Our heroes and leaders can come from all kinds of life circumstances. Memorial Day is specifically reserved for mourning those in the United States military who have died while serving us. I encourage each of us to pause for a moment to reflect upon someone who has made the ultimate sacrifice to protect democracy and our freedom.
My father was a United States Coast Guard officer for his adult career. My sister served the same in the Coast Guard Reserve. In my book, Mavericks & Merlins: Sailors And Renegades Leave Shore, What About You?, I talk about some of the leadership lessons my father provided to me:
I credit my dad for instilling in me a solid grasp of what’s needed to be an effective leader. We’d talk about what makes a good skipper, and sometimes he’d take me with him on a short cruise in the Gulf aboard a coast guard ship. I saw how the crew respected him, how he made sure to cultivate leaders in the various departments, and how he gave junior officers opportunities to learn new skills that would enable them to advance to positions of higher rank. He led by example, always calmly communicating what he wanted done without being a Captain Bligh.

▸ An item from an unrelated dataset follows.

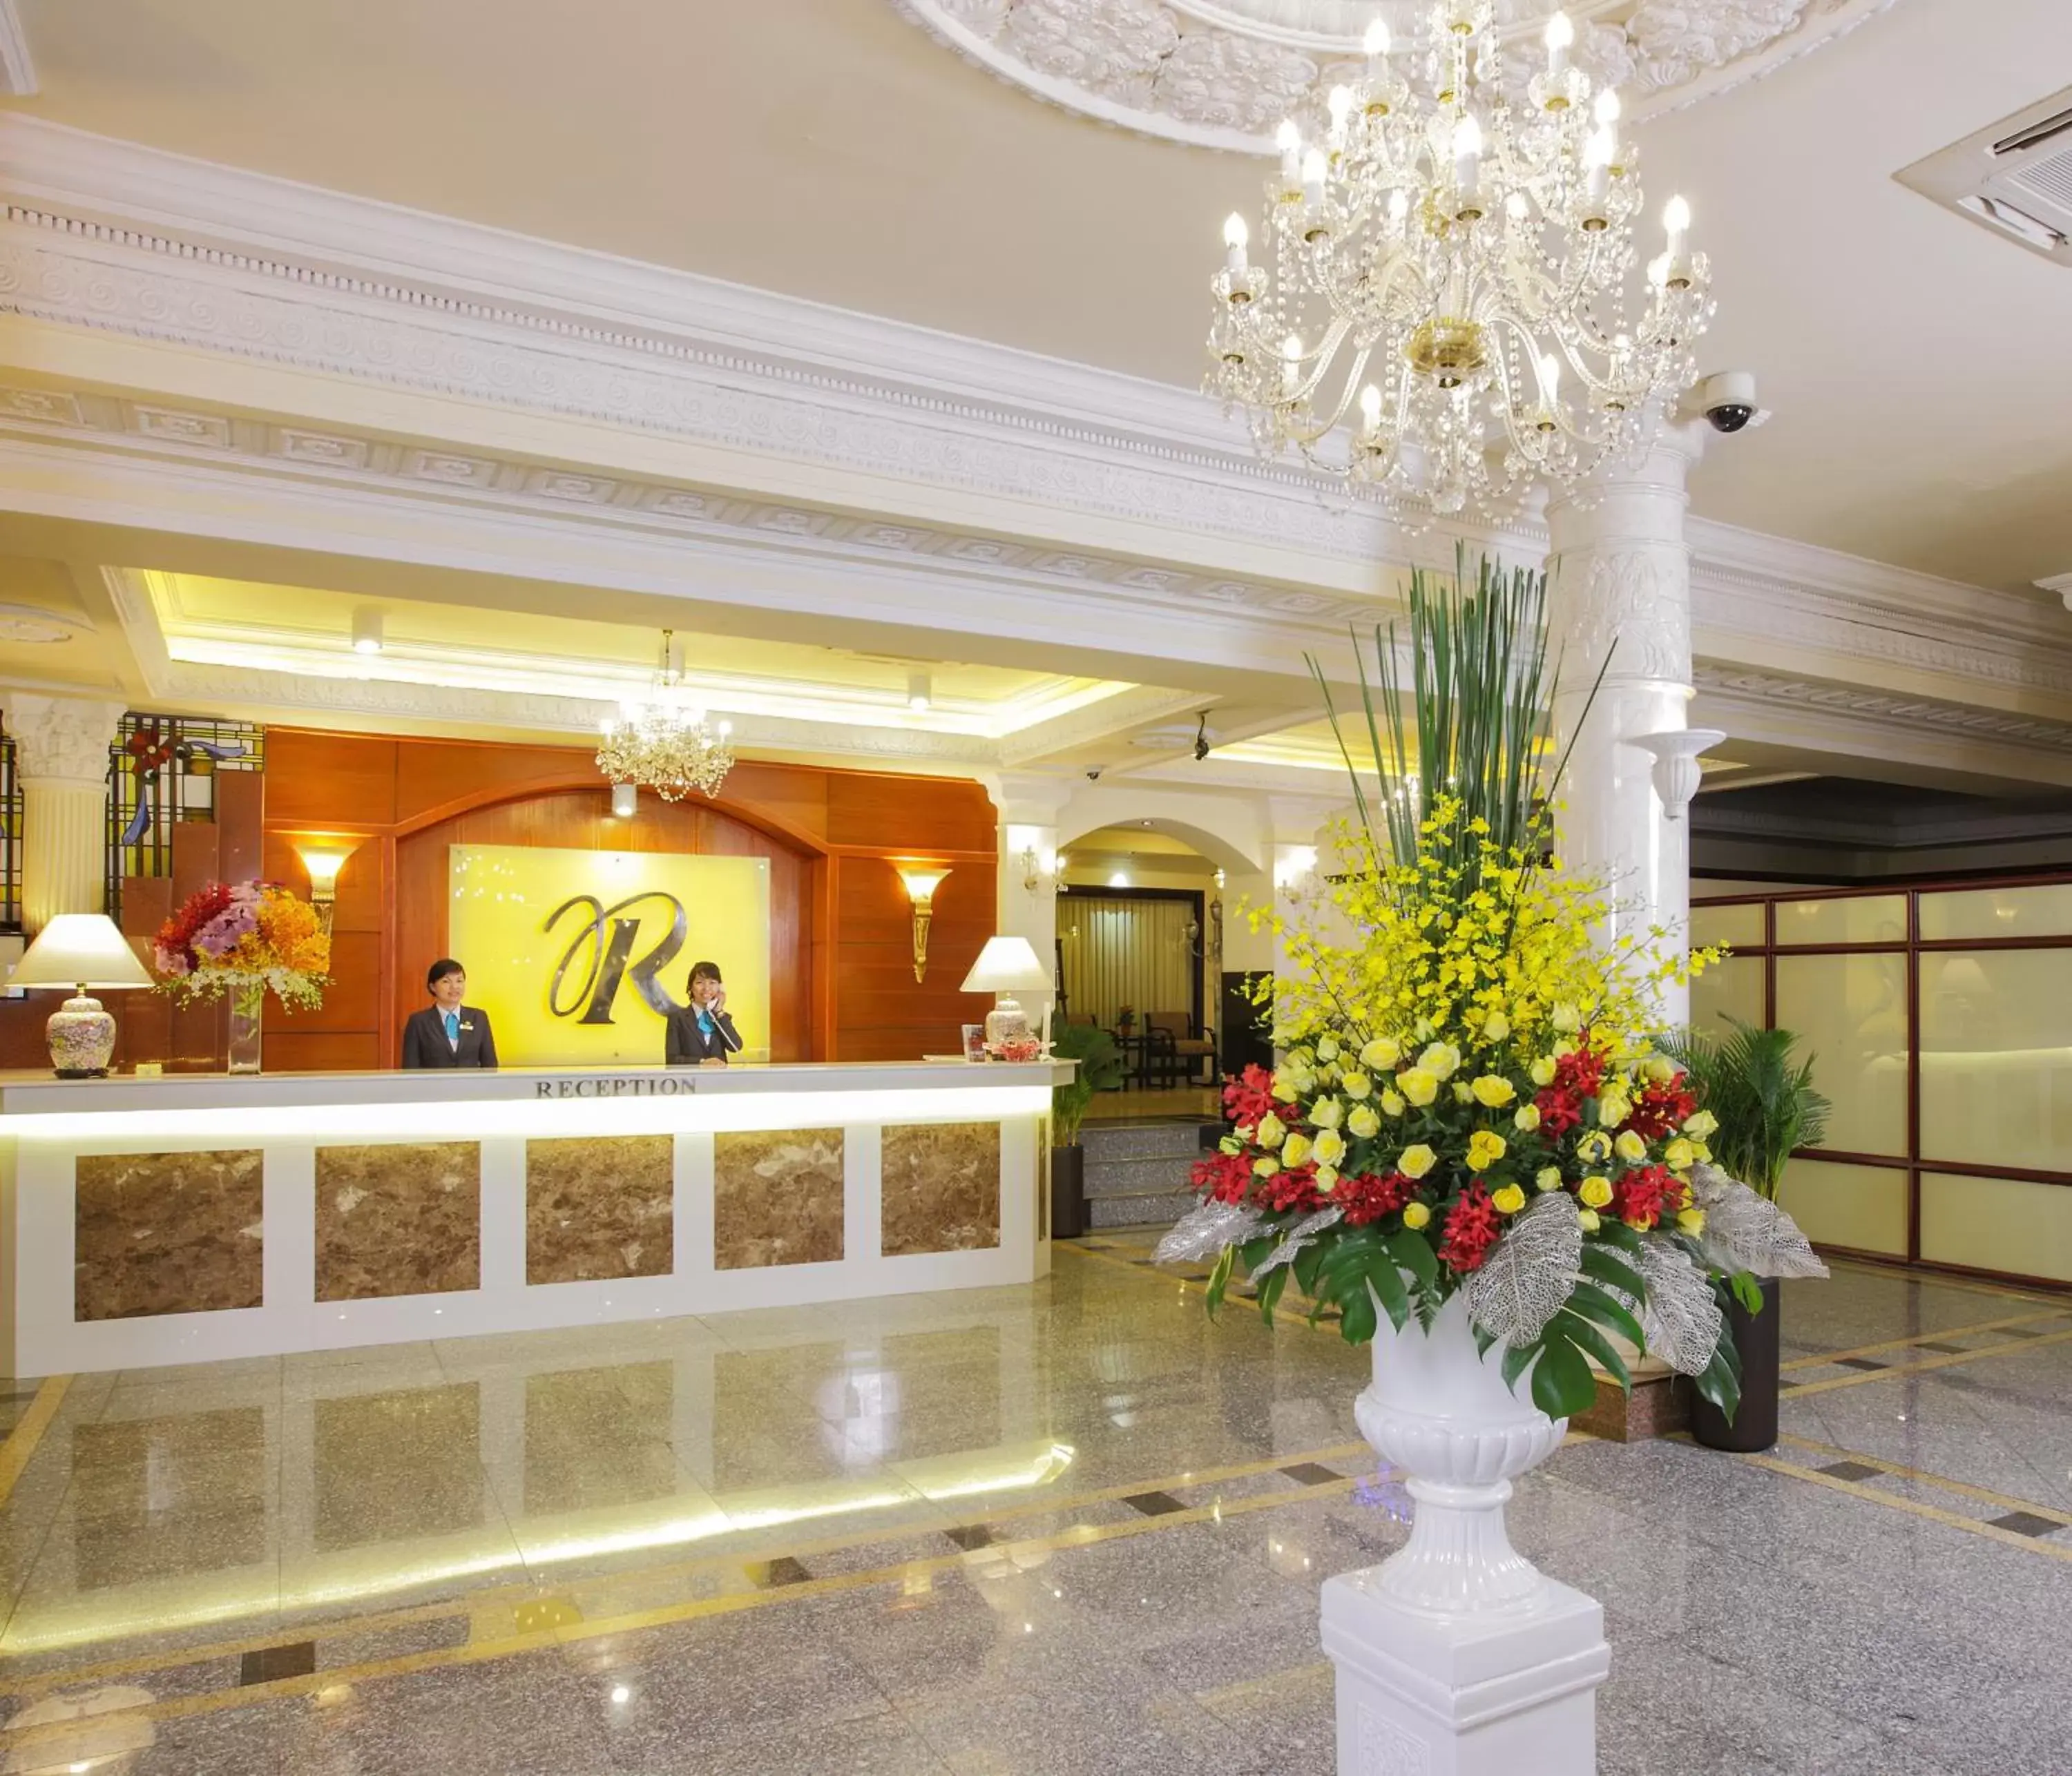 Lobby or reception, Lobby/Reception in Royal Hotel Saigon

Bill Merlin always talked about training people to do their job and then letting them do that job regardless of rank. When it comes to saving others, rank does not determine success. United States Coast Guardsmen reverently refer to Douglas Munro, who exemplified what they do.
An article, This World War II Hero Is the Only Coast Guard Member with a Medal of Honor, noted the heroic sacrifice Douglas Munro made for his brothers in combat:
Taking five of the small craft under his command, he mounted a rescue mission, all the while under continuous attack from the shore. As the boats were too small to transport all the Marines at once, Munro and his fellow Coast Guardsmen had to make several dangerous trips back and forth. At one point, a group of Marines came under particularly intense fire. In an effort to provide cover, Munro used his own boat as a shield between the beachhead and the other boats.

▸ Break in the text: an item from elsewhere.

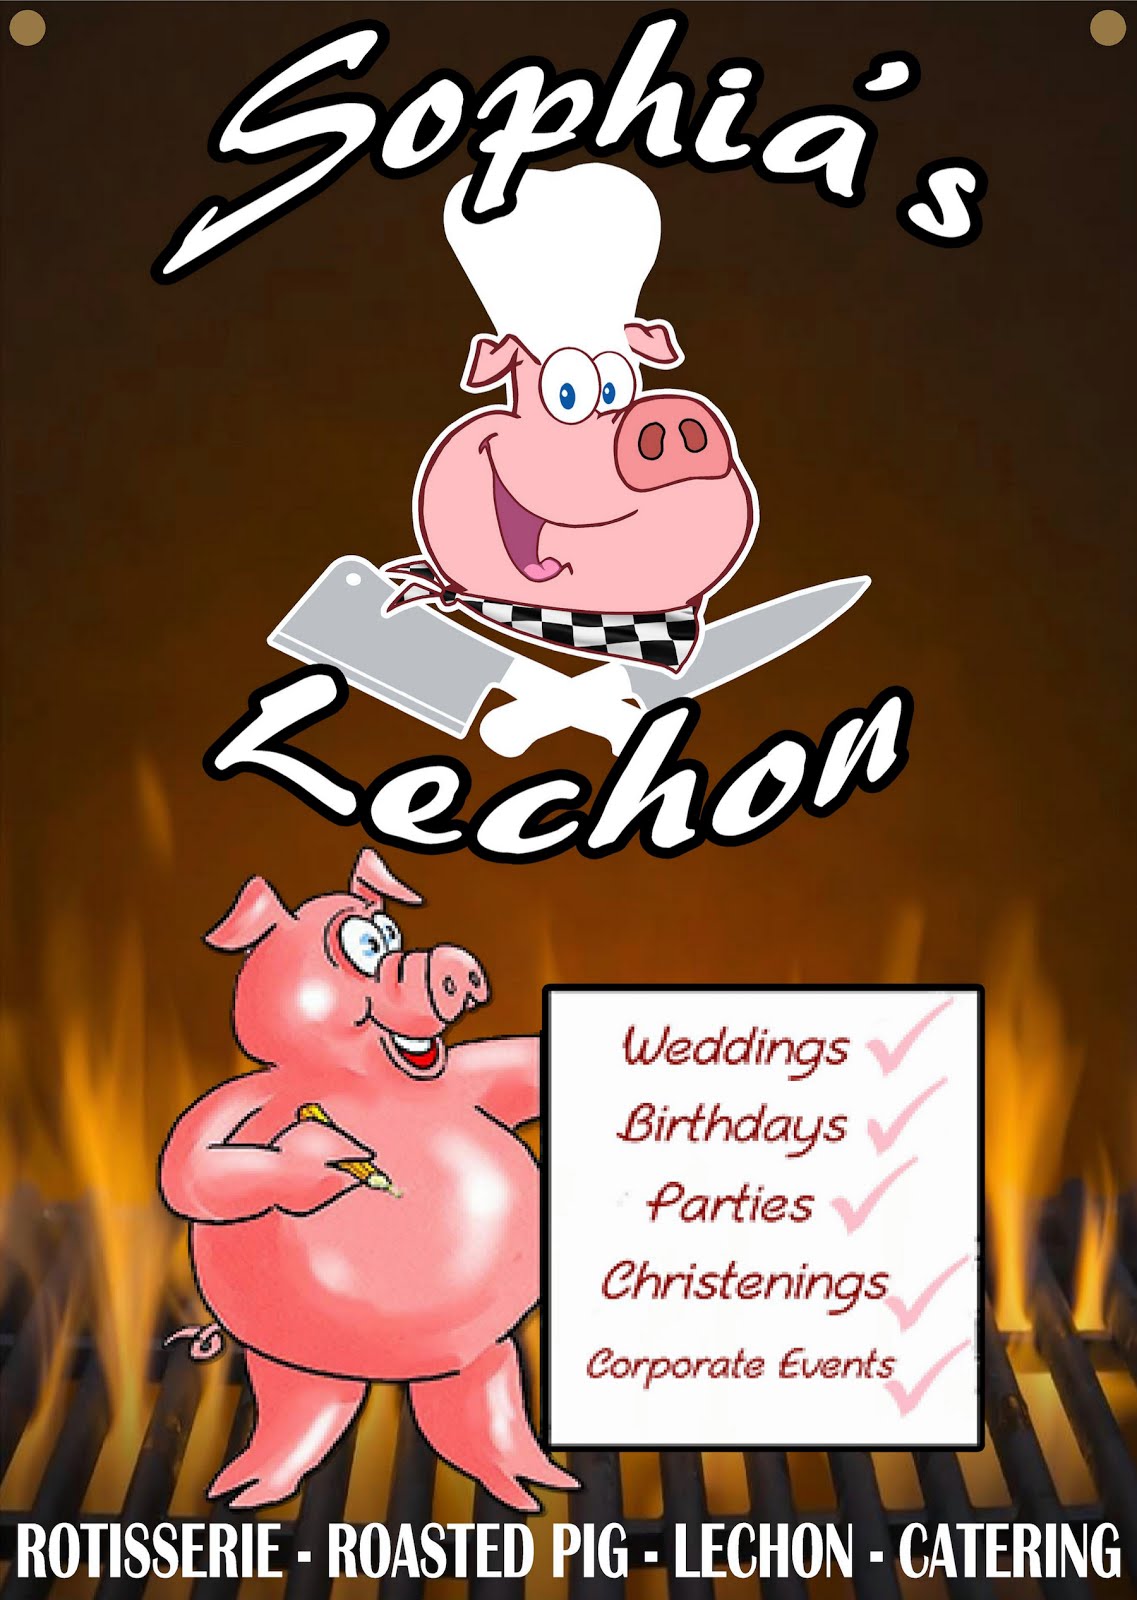 Advertisement for Crispy Lechon

As the last group of Marines were being evacuated from the island, Munro was hit by a fatal burst of enemy fire. Focused on his mission to the end, his dying words to his friend Evans, who was with him on the scene, were: ‘Did they get off?’ His sacrifice had saved hundreds of Marines. In a letter to his bereaved parents, informing them of their loss, Munro’s Commanding Officer wrote that, without exception, those under his charge had praise for Munro. His Master Sergeant wrote that Douglas was ‘kind, courteous, thoughtful, and, above all, courageous,’ the ‘kind of American that made [that] war worth fighting.’

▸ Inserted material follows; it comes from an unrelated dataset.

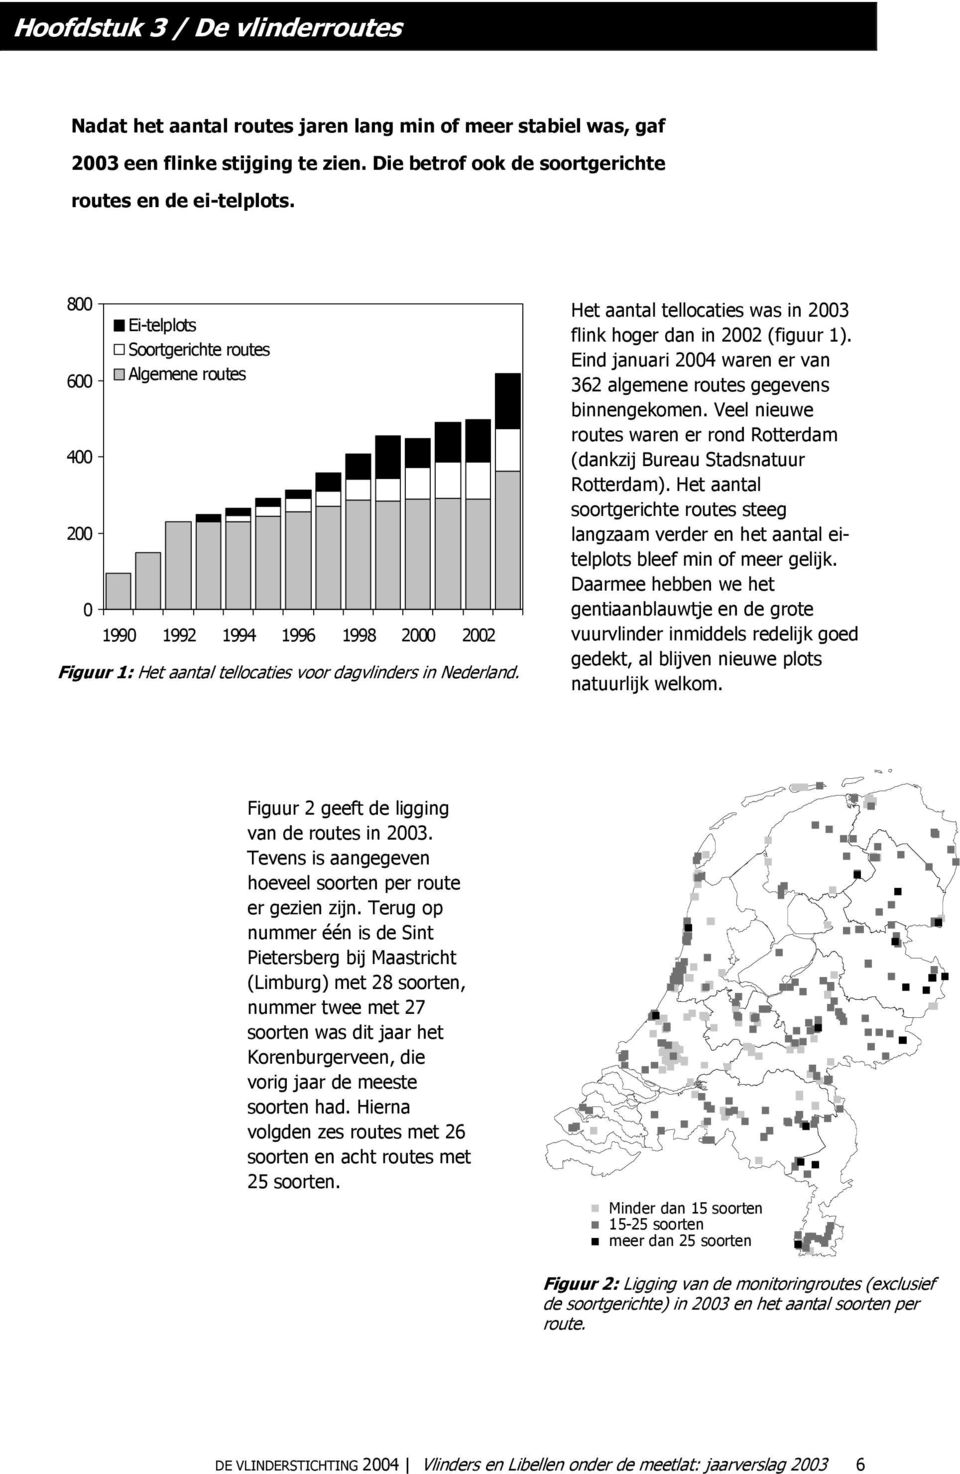 Eind januari 2004 waren er van 362 algemene routes gegevens binnengekomen. Veel nieuwe routes waren er rond Rotterdam (dankzij Bureau Stadsnatuur Rotterdam).

Let’s take a moment today to remember those that died in the service of our military and especially those who did it valiantly without great rank and just doing their job.
Thought For The Day
If you are able, save them a place inside of you and save one backward glance when you are leaving for the places they can no longer go. Be not ashamed to say you loved them, though you may or may not have always. Take what they have left and what they have taught you with their dying and keep it with your own. And in that time when men decide and feel safe to call the war insane, take one moment to embrace those gentle heroes you left behind.